While working on her doctorate Marie was supervised by Dr. Mary L. Caldwell, who holds a doctorate in nutrition; with the help of Dr. Caldwell Marie was able to learn how the body produced chemicals to digest food. In 1947, Marie was able to successfully complete her thesis titled “A Study of the Products Formed By the Action of Pancreatic Amylase on Corn Starch”, and earned her PhD. in chemistry; Marie Daly became the first African-America woman to earn a PhD. in chemistry. From 1947 to 1948 Marie worked as a physical science instructor at Howard University while conducting research with Herman Branson on the side. She was awarded an American Cancer Society grant to help her conduct postdoctoral research; her research led her to joining Dr. A.E. Mirsky at the Rockefeller Institute to study the cell nucleus. At the institute Marie was able to determine the base compositions of the deoxypentose nucleic acids present by studying the nuclei of a cell. She explored the cytoplasmic ribonucleoprotein and how it played a role in protein synthesis, she was also able to use mice to study how protein metabolism differed between fasting and eating conditions.

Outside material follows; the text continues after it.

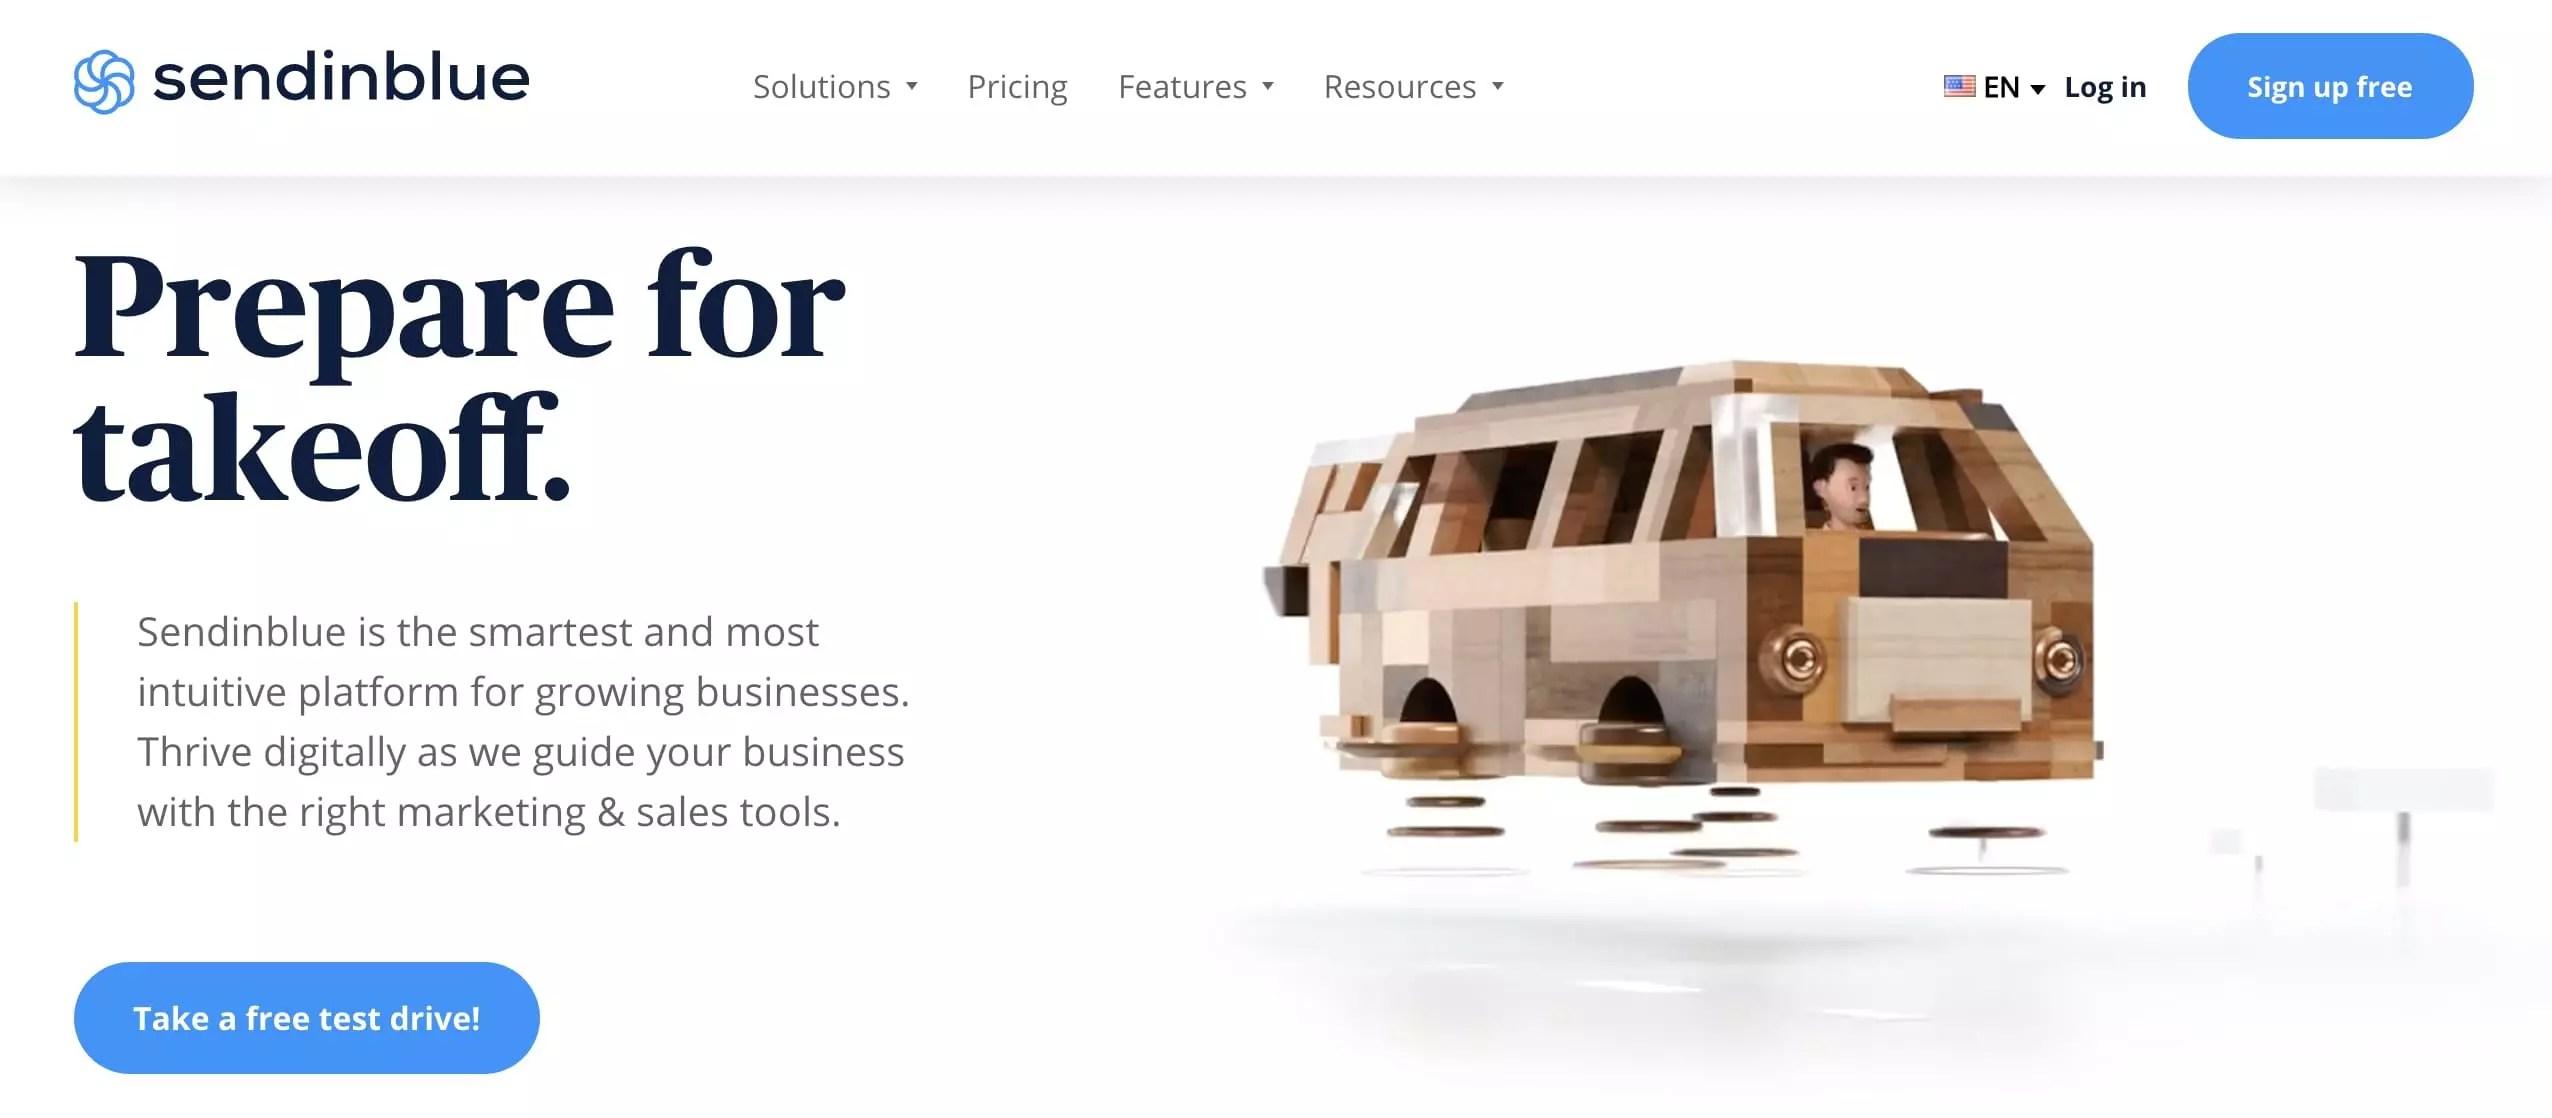 Email marketing automation tool Sendinblue

Daly’s fortunes changed in 1953 when an abundance of funding was available for the research she was conducting. She began working with Dr. Quentin B. Deming to study the effects of aging, hypertension and atherosclerosis on the wall of an artery. She became an assistant professor of biochemistry and medicine at Albert Einstein College of Medicine at Yeshiva University. Daly had a passion for teaching and was adamant about helping to increase the number of black youth interested and attending medical school. Daly had an interest in learning how hypertension affected a person’s circulatory system, her interest helped her to serve as an investigator for the American Heart Association. She researched the effects of smoking on the lungs and served as a member of the prestigious board of governors of the New York Academy of Sciences. She received awards from American Association for the Advancement of Science, New York Academy of Sciences, and Council on Arteriosclerosis of the American Heart Association. She received a designation of a career scientist by the Health Research Council of the City of New York before her retirement in 1986. In 1988, she created a scholarship for African American students majoring in chemistry and physics at Queens College, in memory of her father. In 1999, she became one of the top 50 women in science, engineering and technology, a title given to her by the National Technical Association. On October 28, 2003 Daly died at the age of 82 as the first African-American woman in history to earn a PhD. in chemistry. Dr. Marie Maynard Daly, we proudly stand on your shoulders.